Experimental Validation: Lhx1os lncRNA Interactome
To ground-truth our computational predictions, we performed RNA sequencing of Lhx1os interactors using RNA antisense purification (RAP-seq). Lhx1os is a lncRNA involved in neuronal development, making it an ideal test case for biologically relevant RRIs.
Validation Results
- LCR importance confirmed: Deletion of LCR-rich regions in Lhx1os dramatically reduced interaction counts
- RIME predictions validated: 73% of high-confidence RIME predictions (score > 0.8) were confirmed as true interactors
- Functional relevance: Several validated interactors are involved in neuronal differentiation pathways
- Novel discoveries: RIME identified previously unknown Lhx1os partners missed by thermodynamic tools
Case study: Lhx1os-dependent neuronal development
The validated Lhx1os interactome includes RNAs encoding transcription factors (Pou3f2, Sox11), splicing regulators (Rbfox3), and chromatin modifiers (Chd7). Many of these interactions occur through LCR-mediated binding, supporting a model where Lhx1os acts as a scaffold coordinating gene regulatory programs during neurogenesis.

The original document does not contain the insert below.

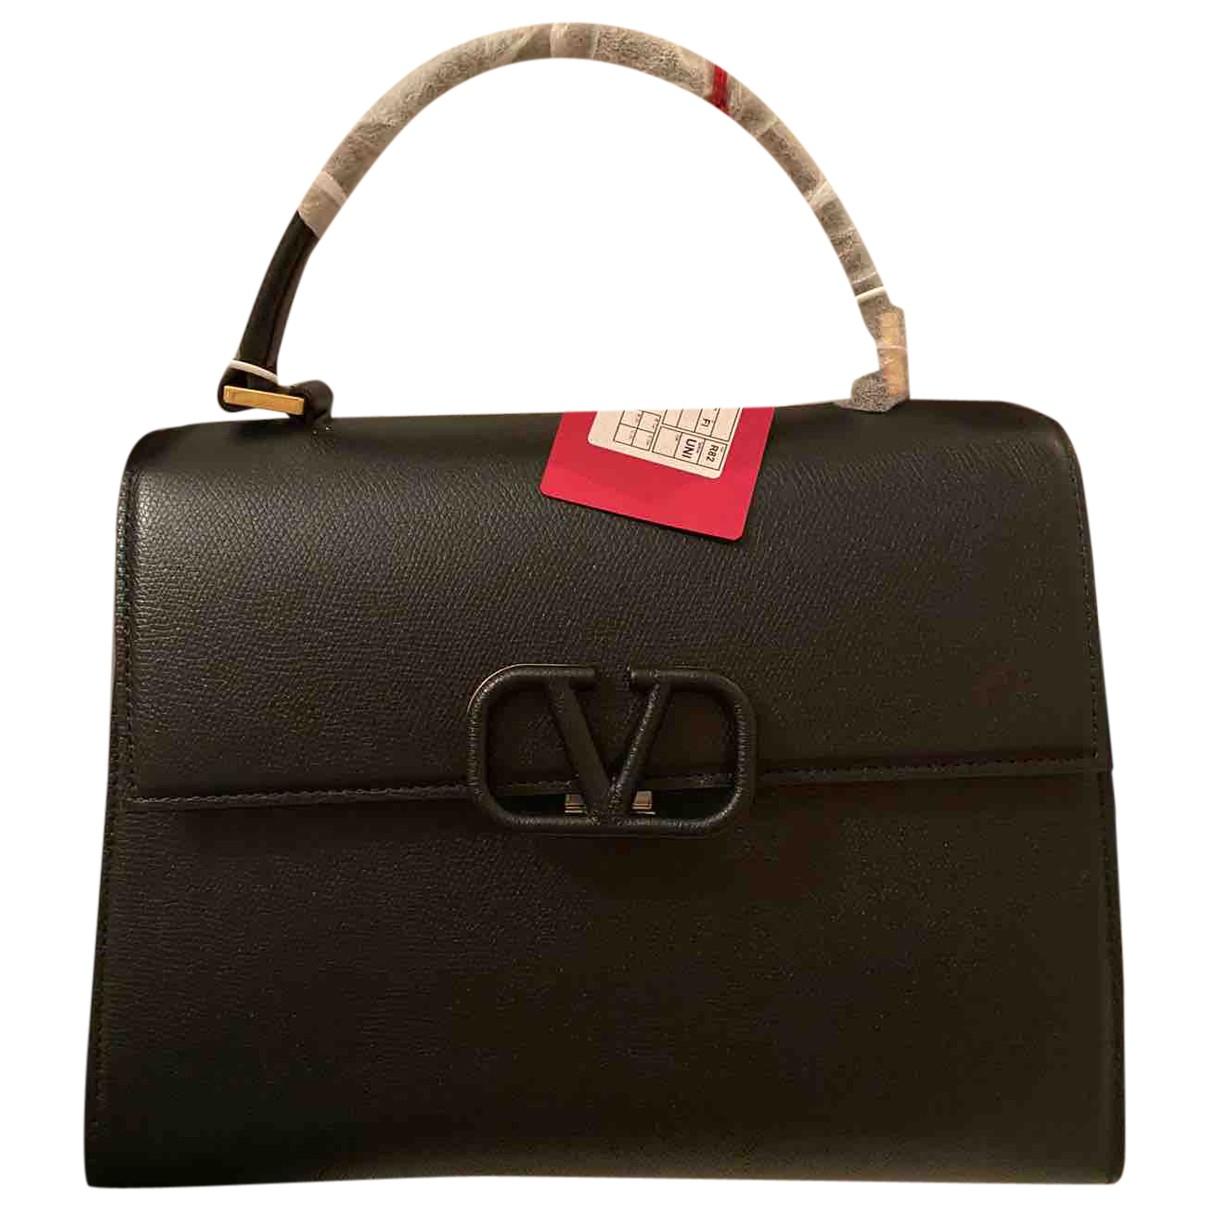 Valentino Garavani - Sac a main Vsling pour femme en cuir - noir

Application to Neuronal Development
Expanding beyond Lhx1os, we applied RIME to predict RRI networks relevant to neuronal development. By focusing on lncRNAs and mRNAs expressed during differentiation of neural progenitors:
- Network prediction: RIME identified 1,847 high-confidence interactions among 203 neuronal RNAs
- Module detection: Community detection revealed 12 functional modules enriched for specific processes (axon guidance, synaptogenesis, chromatin remodeling)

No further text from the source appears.